Our goal will be to find the top 10 pages by the number of requests per day in English Wikipedia, but also to support searching for an arbitrary word so we can show how, for example, the number of requests for the wikipedia article about “myspace” will compare to the article about “facebook” (2008 to 2015).

To do that in MySQL we will have to load it as is into MySQL. The files are distributed with the date part encoded. The uncompressed size of all files is > 10TB. Here are the possible steps (as per our typical MySQL pipeline):

  1. Uncompress the file and run “LOAD DATA INFILE” into a staging (temporary) table:
    load data local infile '$file'
    into table wikistats.wikistats_full CHARACTER SET latin1
    FIELDS TERMINATED BY ' '
    (project_name, title, num_requests, content_size)
    set request_date = STR_TO_DATE('$datestr', '%Y%m%d %H%i%S');
  2. Aggregate with “insert into” a final table
    insert into wikistats.wikistats_by_day
    select date(request_date) as request_day, title, count(*), sum(num_requests)
    from wikistats.wikistats_full
    group by request_day, title;
  3. Somehow url decode the title (may be using UDF).

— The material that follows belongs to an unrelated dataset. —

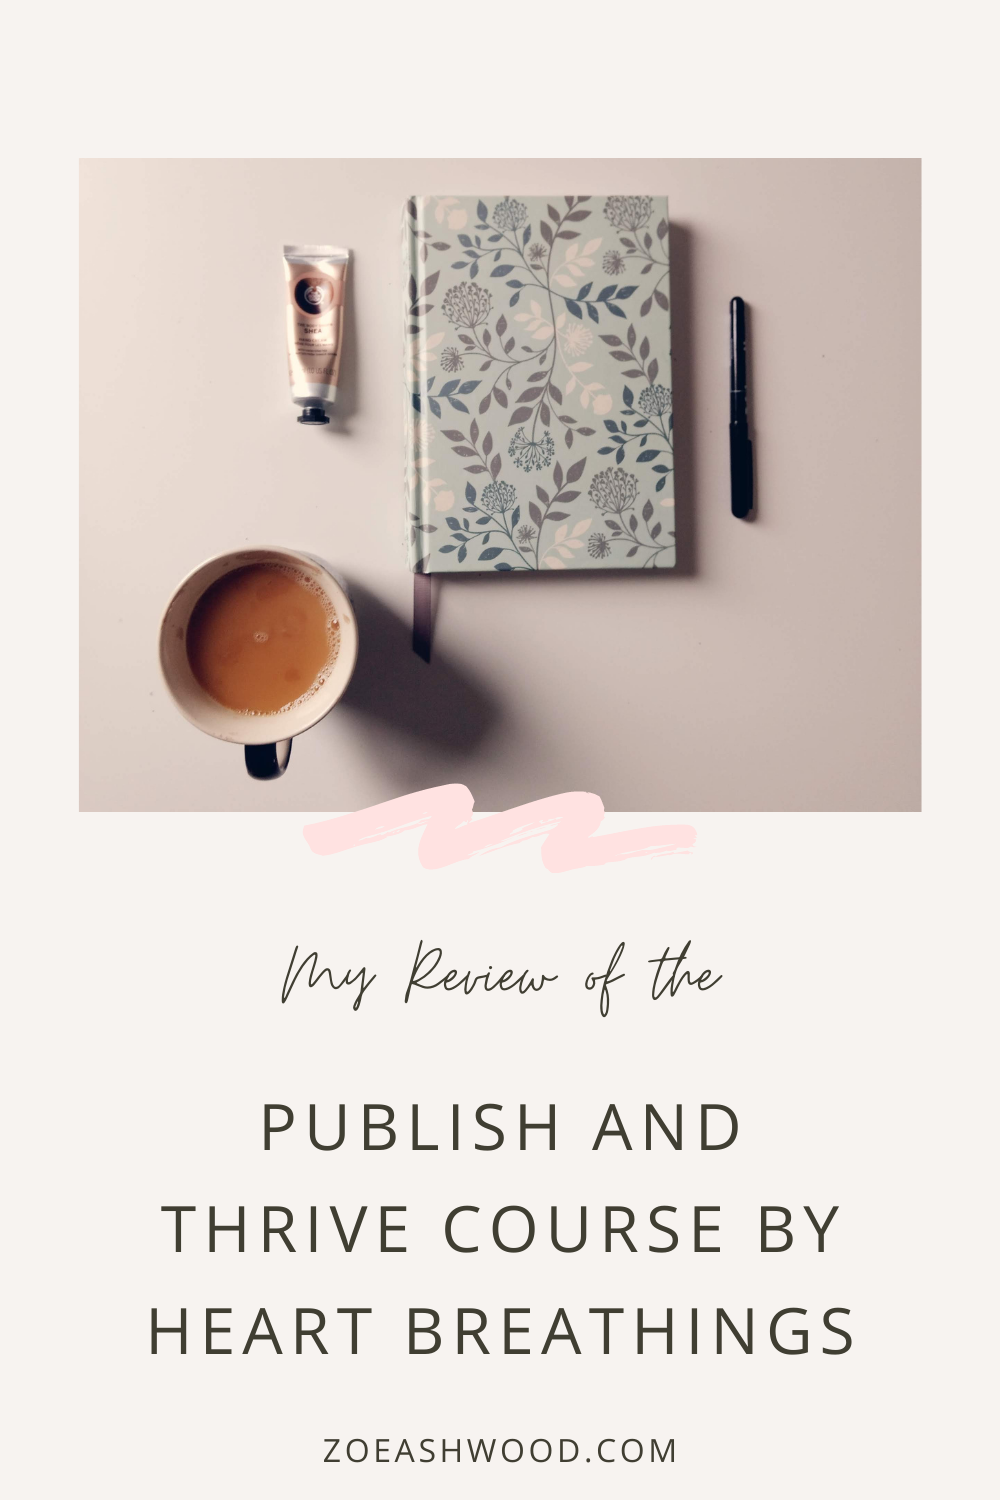 Publish and Thrive by Heart Breathings - Course Review by Zoe Ashwood

This is a big overhead. We will uncompress and transform the data into MySQL just to discard most if it.

According to my calculations it should table > 1 month to do the whole pipeline for 6 years of data (this time does not include the uncompress time and does not include the load time depreciation as the table get bigger and bigger and indexes need to be updated). There are a lots of things we can do here to speed it up of course, i.e., load into different MySQL instances, load into MEMORY table first, then group by into InnoDB, etc.

But one of the easiest ways here will be using Apache Spark and Python script (pyspark). Pyspark can read the original gziped text files, query those text files with SQL, apply any filters, functions, i.e. urldecode, group by day and save the resultset into MySQL.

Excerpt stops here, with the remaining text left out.